The call for the rewrite was one of the suggestions in a five point plan to help boost the IT sector after the Brexit decision.
"A new Digital Strategy was expected to be published shortly and now needs to be re-written. Government should do this in collaboration with tech businesses. The Government should publish the existing strategy now as a draft and seek inputs from business about how it can be made fit for purpose for the challenges and opportunities ahead," stated techUK.
"The UK has one chance to get this right. The approach must be strategic and comprehensive, looking at the whole of the UK’s tech ecosystem. It will fail if it is a collection of headline grabbing gimmicks," the organisation added.
That reference to the ecosystem means that distributors and resellers should also speak up about the direction they believe the country should be heading in.
Other recommendations from techUK included stating that access to the single market had to be a primary objective because tech firms needed to compete for business across Europe.
There were also some comments about making sure that the most highly skilled staff could still come and work here with calls for a smart immigration system in the absence of free movement.
The other points were to rethink data protection laws to make sure that cross border data flows could continue and a plea for the government to listen to the tech sector.
Other business groups have also called for similar steps to be taken to makre sure that the next few weeks and months do not cause too much disruption.
Mike Cherry, national chairman at the Federation of Small Businesses (FSB), said that he had attended the business summit organised by the government earlier this week.
“I again stressed the need for immediate action to reassure small businesses so they can continue to trade and do business.

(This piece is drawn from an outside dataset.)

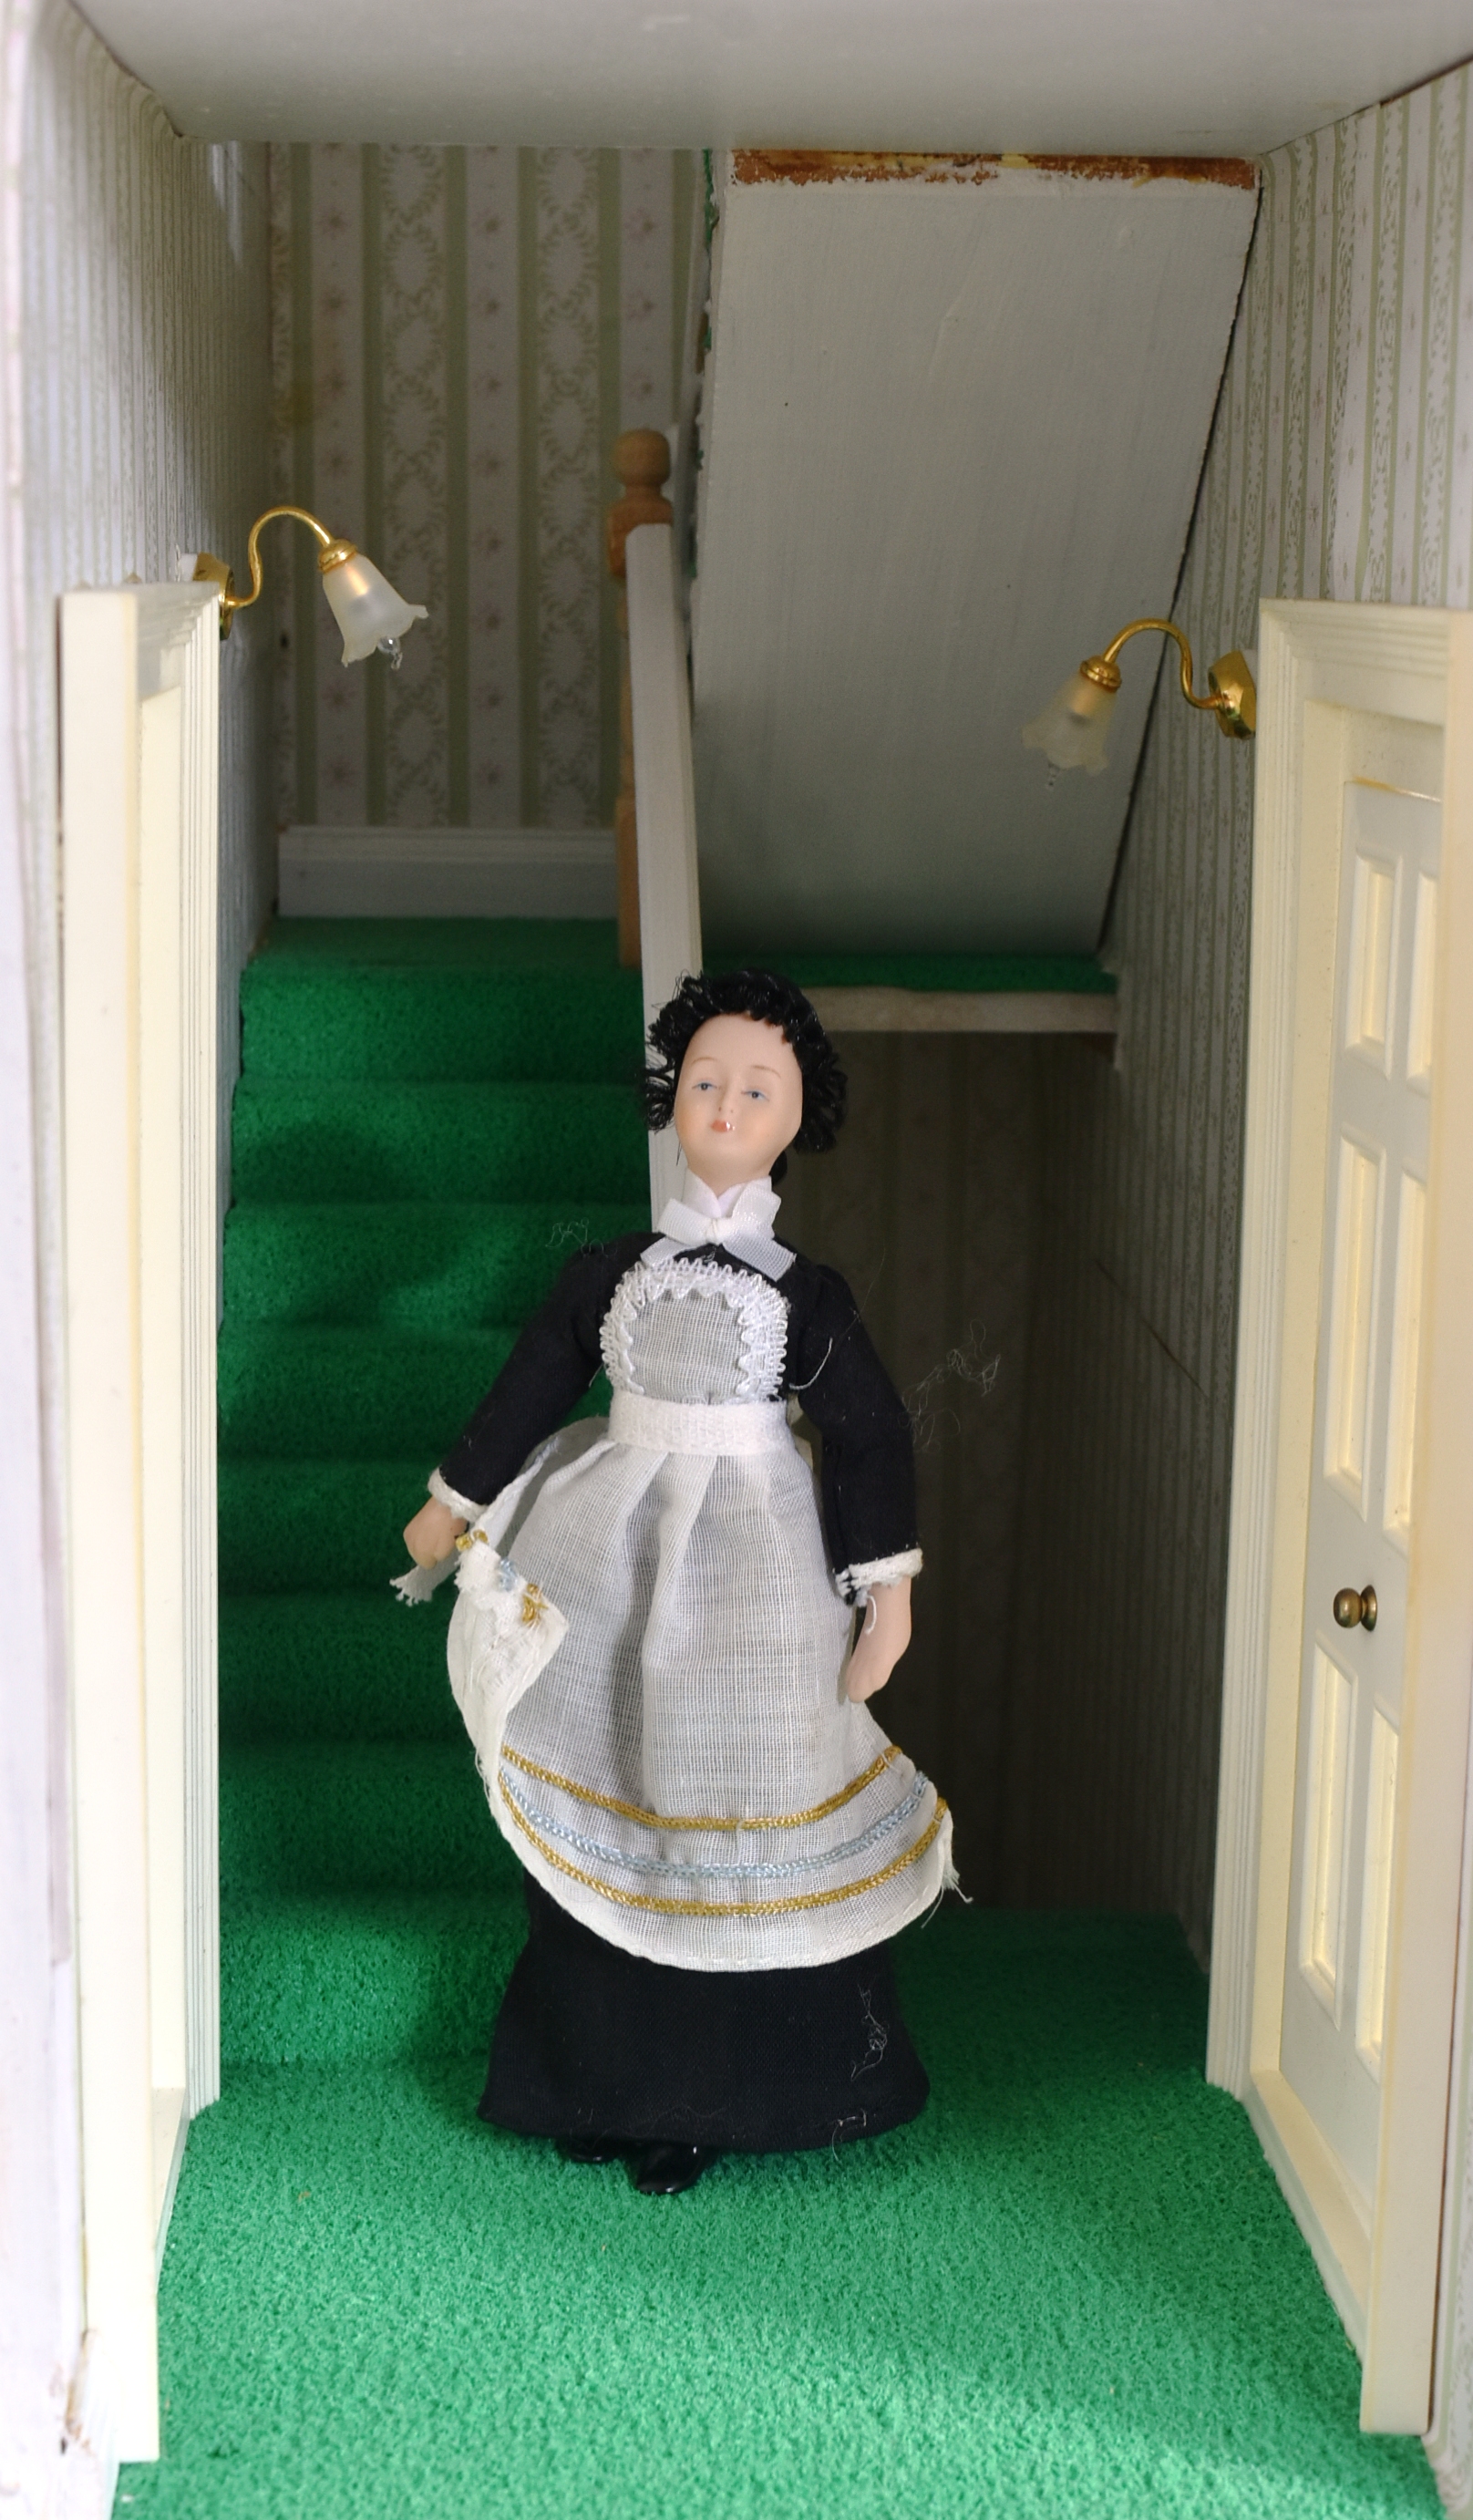 DOLL'S HOUSE - LARGE FOUR STOREY VICTORIAN TOWN HOUSE - Image 9 of 11

Smaller firms need simple access to the single market, the ability to hire the right people, continued EU funding for key schemes and clarity on the future regulatory framework," he said.
The slight problem is that the standard response at the moment from the Prime Minister is that nothing will be decided until his successor takes up the role and invokes departure plans from the EU.
At Prime Minister's Question Time this afternoon several MPs asked about support for industry and asked for assurances for those that operate across Europe but were given a reply that was tantamount to 'wait and see'.